I want an opponent. I want fiercely to have an opponent that is worth playing against. No matter how good or how bad I am at a game, I want someone who's as good or better than me to play against/with.
Not just in the realm of games, but in all of life. I want someone around me who beats me (not physically, preferably). Someone whose comebacks, insults, and teases lash with deadly wit that I cannot match on most days. Someone who forces me to second guess my thoughts. Someone who, if I'm to compete, forces me to play at the top of my game.

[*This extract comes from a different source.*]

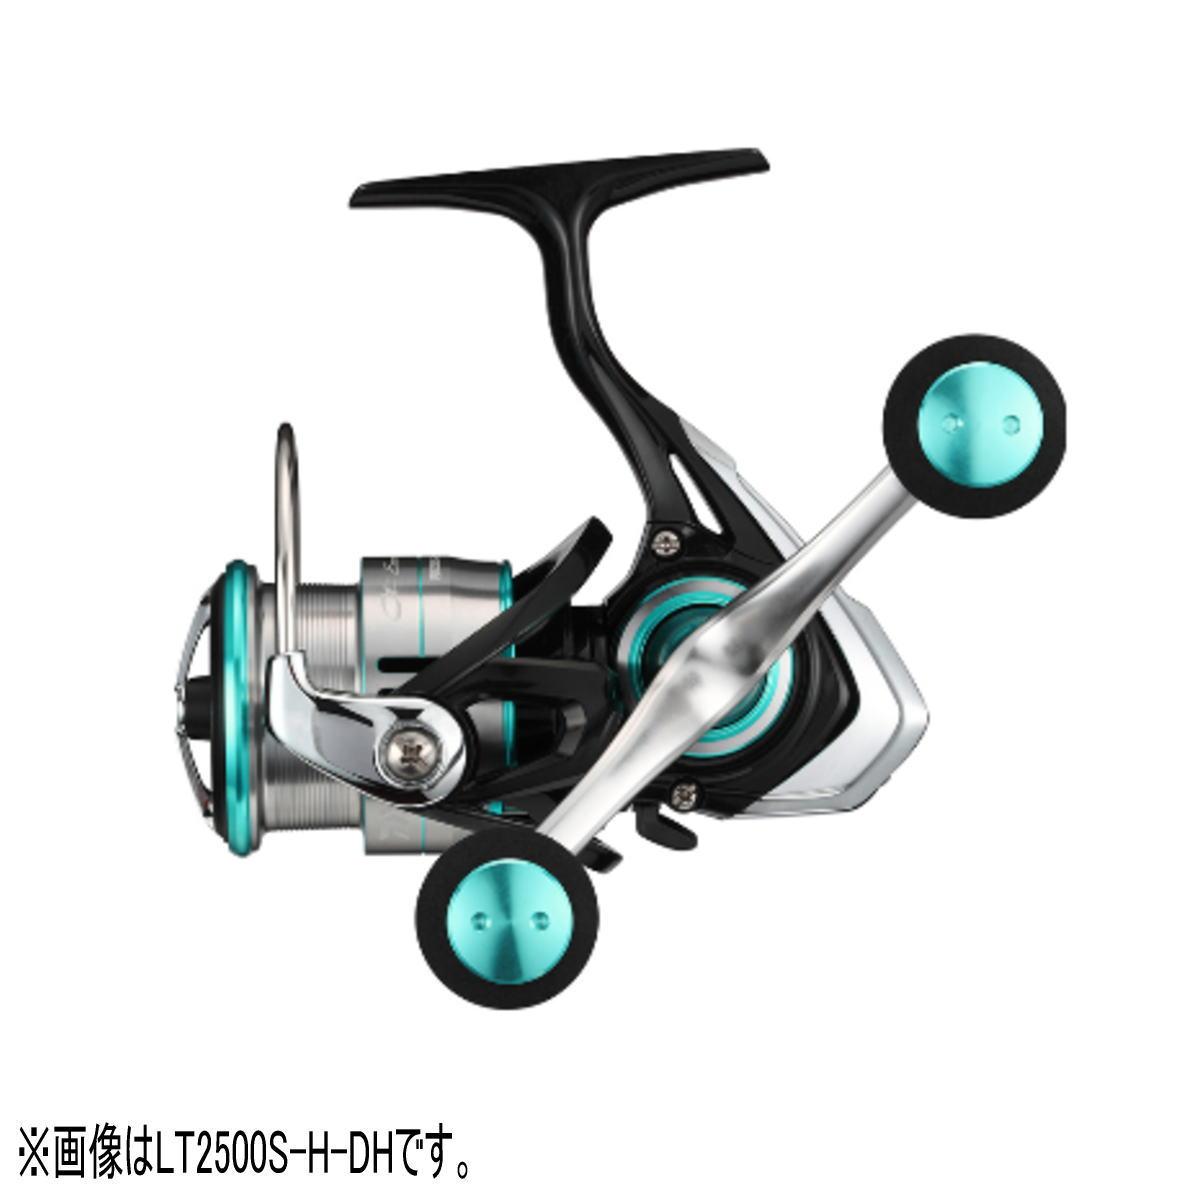 Daiwa reels P154 19 LT 2500S-H-DH225()0:0023:59

I do not want someone "better" than me per se. Better is not an apt word for it, since we are all better or worse in varying things. I do not want to hold someone back or use anyone else as a crutch. Rather, I want someone I need to keep up with- someone who's worth keeping up with to me. Someone that I can defeat on my best days, but someone against whom losing is simply inspiring.
This is what I want out of life, games, relationships: I want something difficult enough to pique my interest and thrash me, captivating enough to ensnare me, and wise enough to know that when it tries to give me assistance and I refuse, it's not because of anger, resentment, or jealousy- but just because I want to be worth that level of difficulty, whether I win or lose.
If you have someone that you love, sit them down, stop everything else, focus on each other, and tell that person how much they mean to you and why. Make it a memorable expression of your personal emotions and thoughts.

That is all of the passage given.